Hopf algebras

In this file we define HopfAlgebra, and provide instances for:

• Commutative semirings: CommSemiring.toHopfAlgebra

Main definitions

• HopfAlgebra R A : the Hopf algebra structure on an R-bialgebra A.
• HopfAlgebra.antipode : The R-linear map A →ₗ[R] A.

TODO

• Uniqueness of Hopf algebra structure on a bialgebra (i.e. if the algebra and coalgebra structures agree then the antipodes must also agree).

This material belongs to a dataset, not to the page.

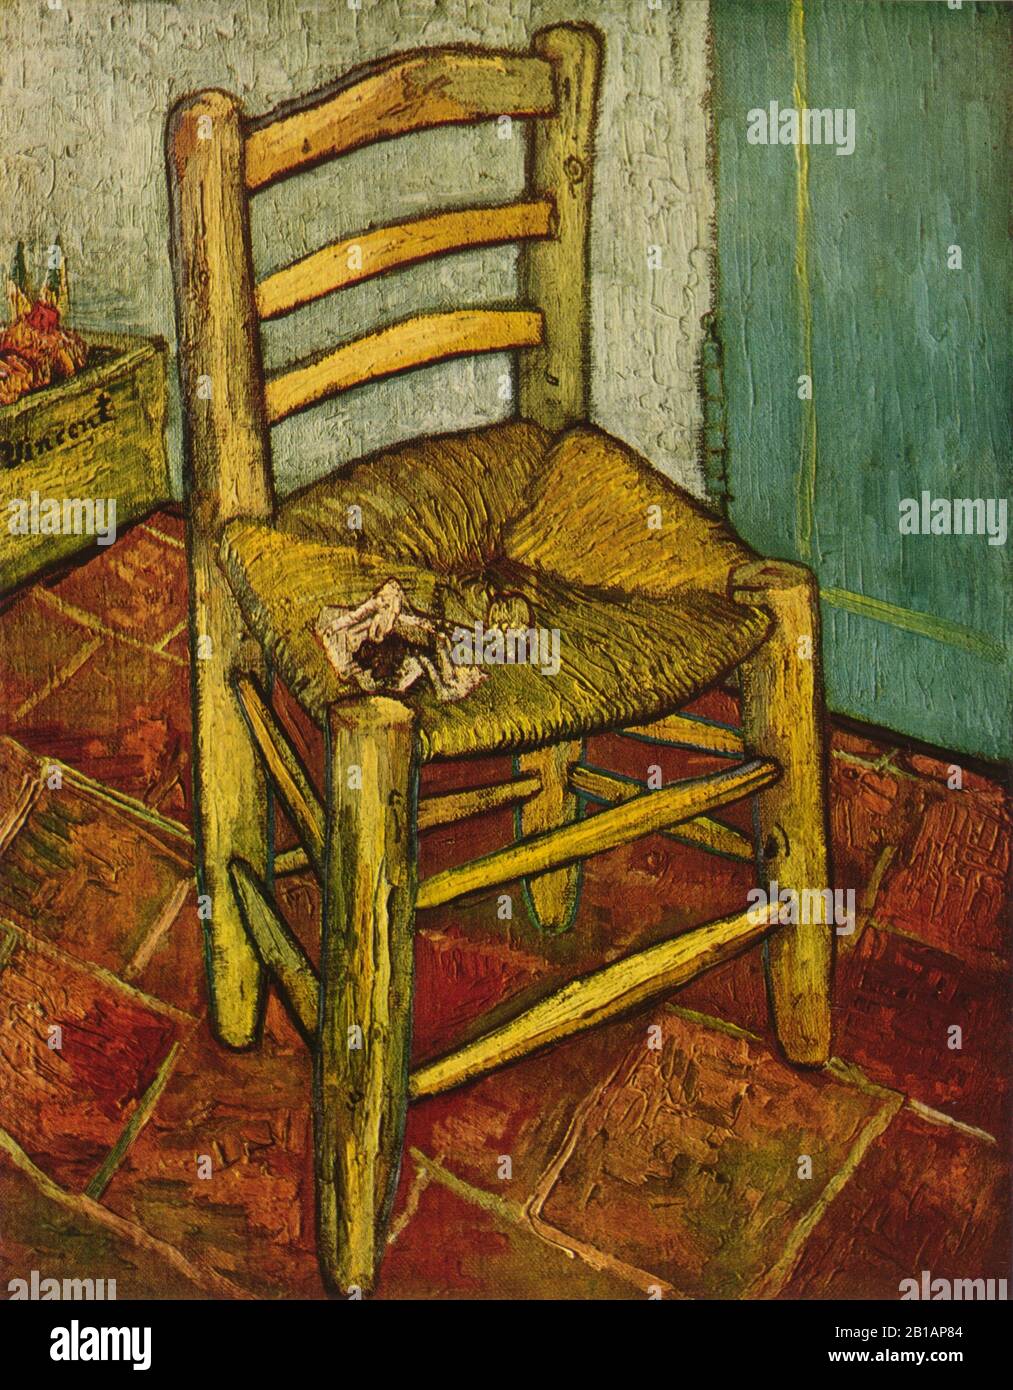 Van Gogh's Chair, das Gemälde von Vincent van Gogh, wurde im Jahre 1889 mit sehr hoher Auflösung und hoher Bildqualität aufgenommen Stockfoto

• antipode 1 = 1 and antipode (a * b) = antipode b * antipode a, so in particular if A is commutative then antipode is an algebra homomorphism.

• If A is commutative then antipode is necessarily a bijection and its square is the identity.

References

• [C. Kassel, Quantum Groups (§III.3)][Kassel1995]

class HopfAlgebra (R : Type u) (A : Type v) [CommSemiring R] [Semiring A] extends Bialgebra : Type (max u v)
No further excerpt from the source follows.